As for the in vitro kit, we use Promega's. There is a kit suitable for use with vectors that employ the T7 promoter.
Good luck.
Doc Sheldon on Sep 4 2009, 09:29 AM said:
Thanks for the tip. Maybe my next try will be TB medium.
Doc Sheldon on Sep 4 2009, 09:29 AM said:
Don't worry. This is perfectly OK, since you're trying to help.
Doc Sheldon on Sep 4 2009, 09:29 AM said:
Yesterday I was checking Invotrogen products, now I'm gonna take a lot at Promega's website. These kits seems to be a bit expensive. Here in BRazil grants for research are not so big, however since you don't need to use all the cell culture stuff it's OK. Oh, one more doubt: Does the in vitro expression kit substitutes the in vivo expression?
Once more, thank you!
Ivanov_br on Sep 4 2009, 08:47 AM said:
Doc Sheldon on Sep 4 2009, 09:29 AM said:
Thanks for the tip. Maybe my next try will be TB medium.

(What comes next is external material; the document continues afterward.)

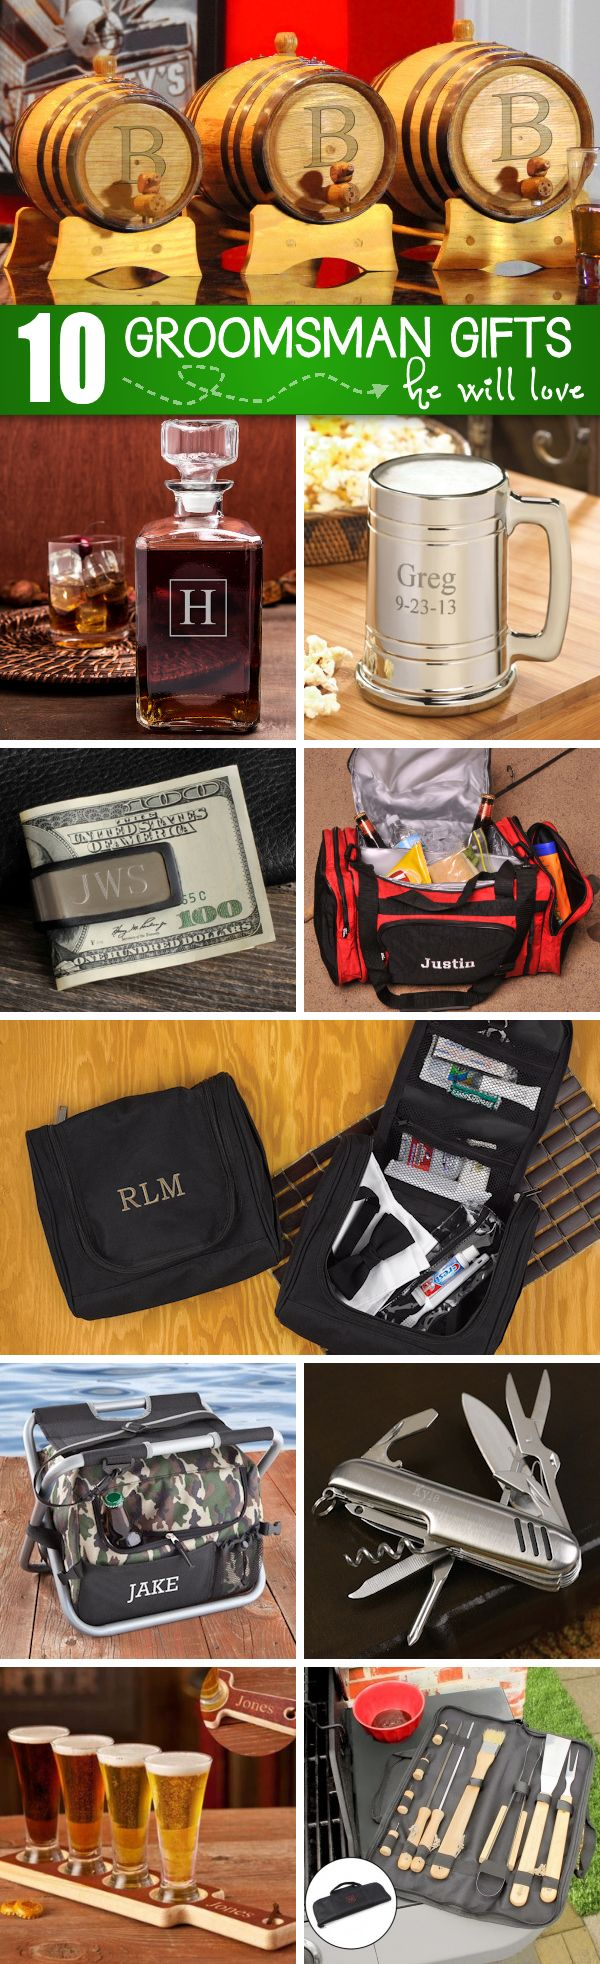 10 Groomsmen Gifts that He'll Love!

Doc Sheldon on Sep 4 2009, 09:29 AM said:
Don't worry. This is perfectly OK, since you're trying to help.
Doc Sheldon on Sep 4 2009, 09:29 AM said:
Yesterday I was checking Invotrogen products, now I'm gonna take a lot at Promega's website. These kits seems to be a bit expensive. Here in BRazil grants for research are not so big, however since you don't need to use all the cell culture stuff it's OK. Oh, one more doubt: Does the in vitro expression kit substitutes the in vivo expression?
Once more, thank you!
Regarding the in vivo versus in vitro, if it is a bacterial system, then yes the proteins will end up structurally identical. For mammalian systems there will be no post-translation modification in most cases.